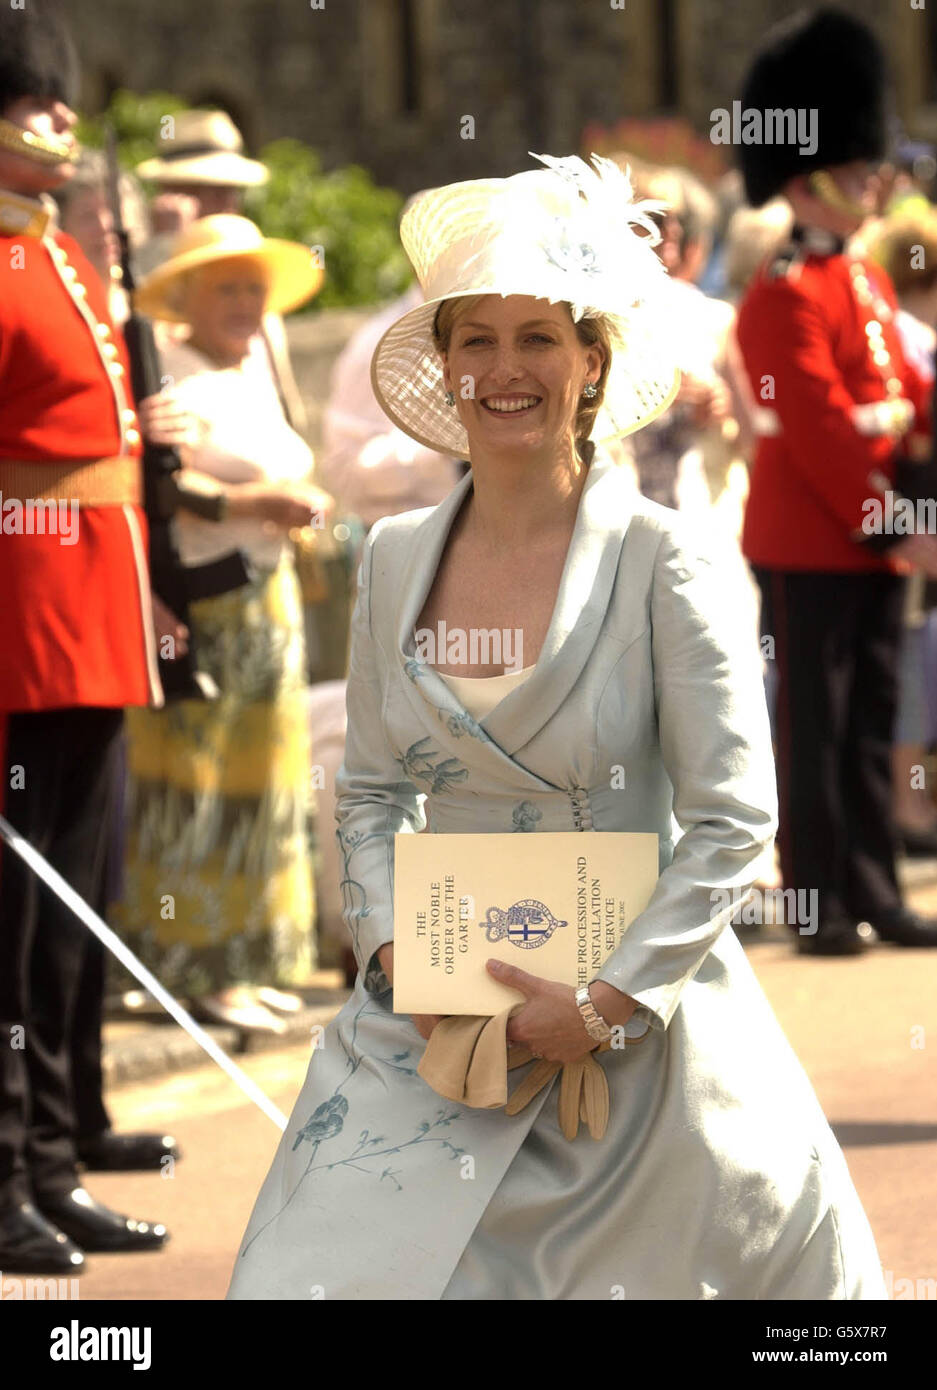 Die Gräfin von Wessex nach dem Garter-Dienst im Schloss Windsor. Rund 8,000 Menschen jubelten, applaudierten und winkten Union Jacks in der heißen Nachmittagssonne. Die jährliche Garter-Prozession ist eine der großartigsten Schauspiele im königlichen Pomp- und Zeremonienkalender. Stockfoto
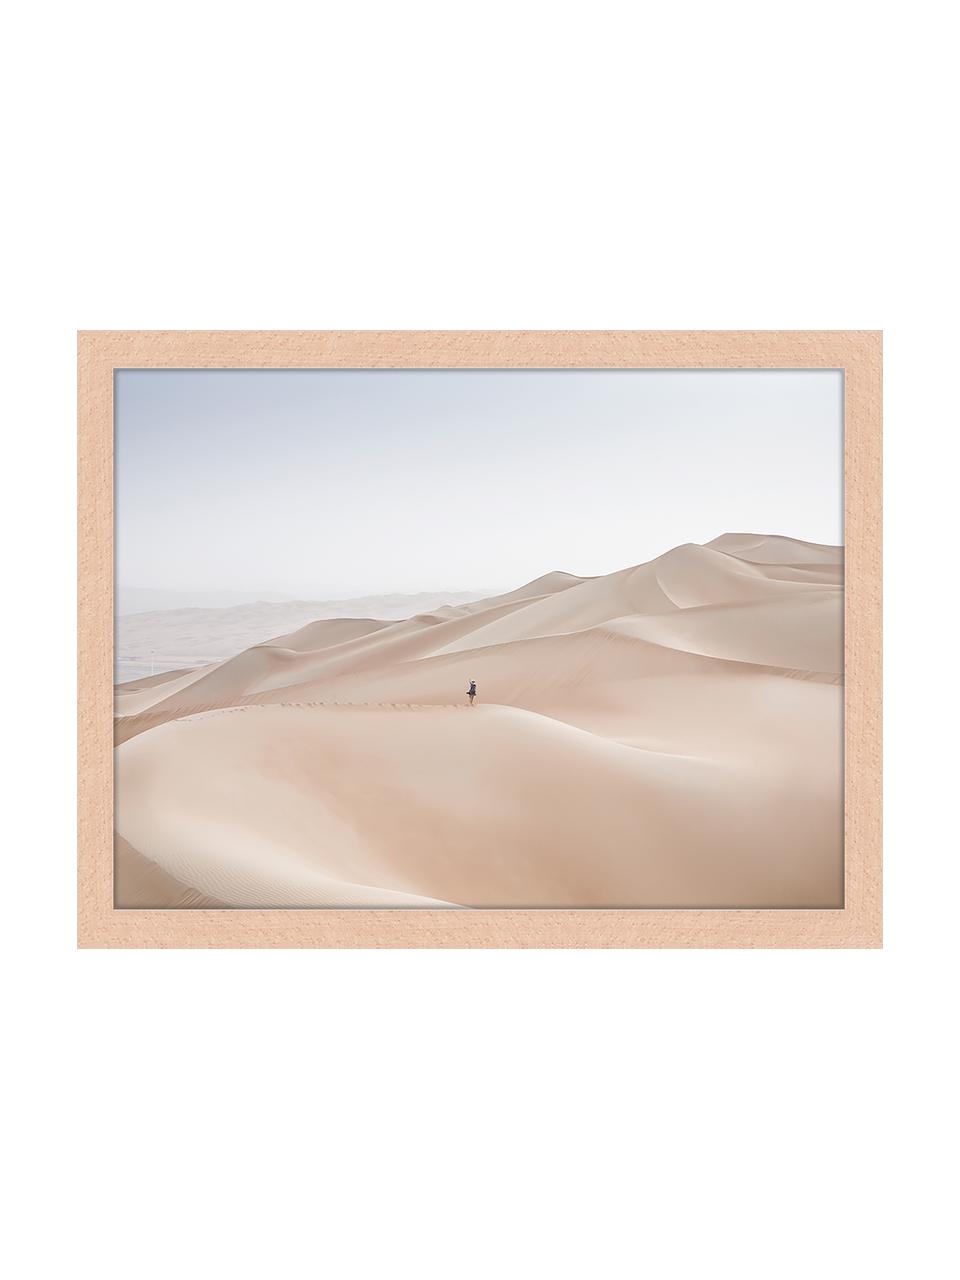 Gerahmter Digitaldruck Khali Desert, Bild: Digitaldruck auf Papier, , Rahmen: Holz, lackiert, Front: Plexiglas, Mehrfarbig, 43 x 33 cm
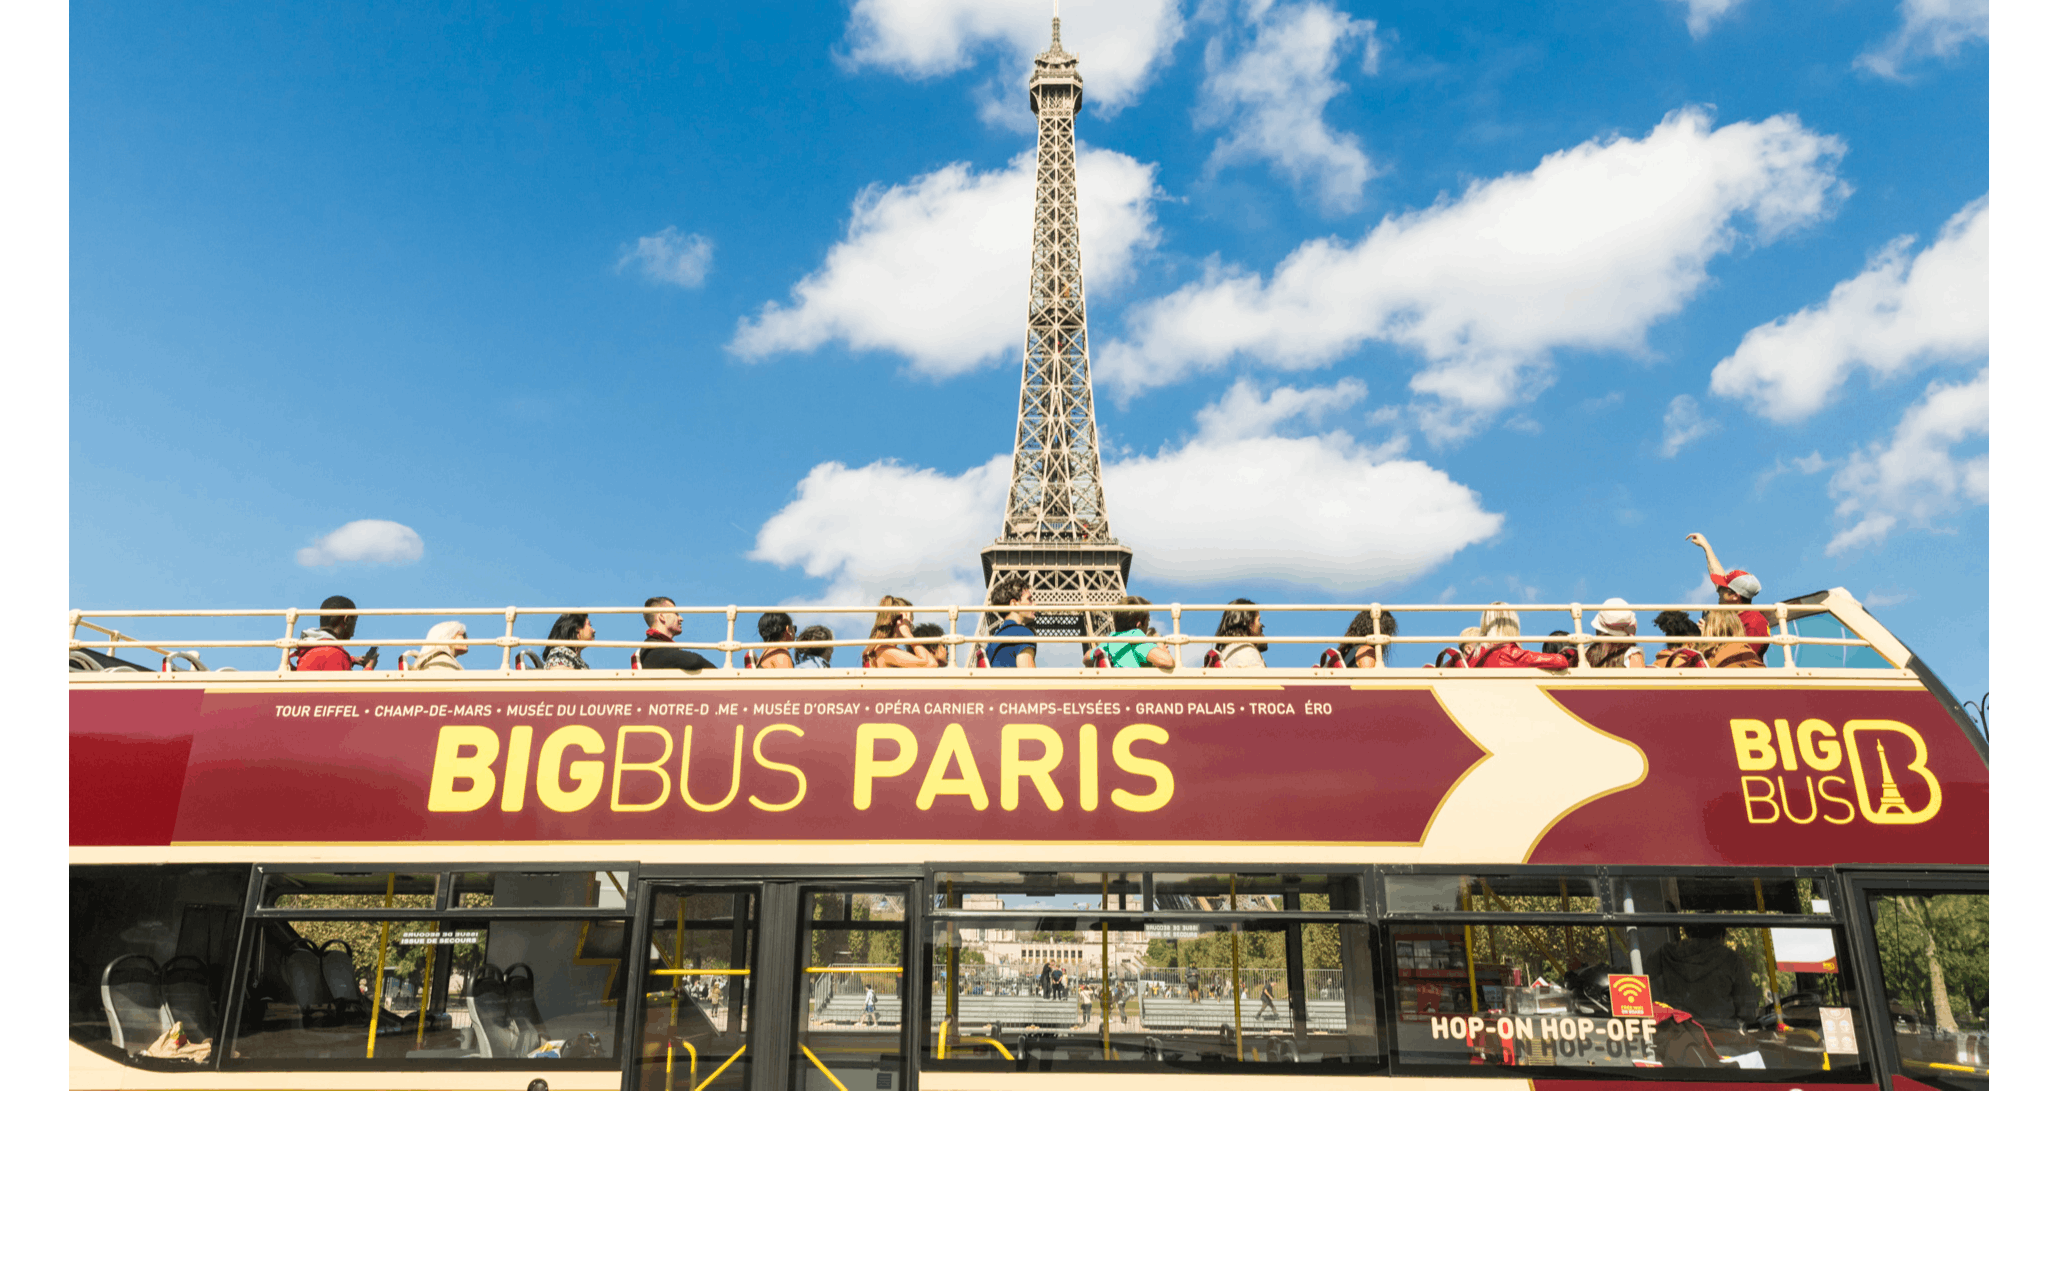 Excursão Big Bus hop-on hop-off de 48 horas em Paris com cruzeiro panorâmico no rio

=== REQUIRED WORK ===
Please reproduce the lines exactly from the one containing "Gerahmter Digitaldruck Khali" through the last line of the data above, and keep the pictures out.

=== FINISHED EXERCISE ===
 Gerahmter Digitaldruck Khali Desert, Bild: Digitaldruck auf Papier, , Rahmen: Holz, lackiert, Front: Plexiglas, Mehrfarbig, 43 x 33 cm
 Excursão Big Bus hop-on hop-off de 48 horas em Paris com cruzeiro panorâmico no rio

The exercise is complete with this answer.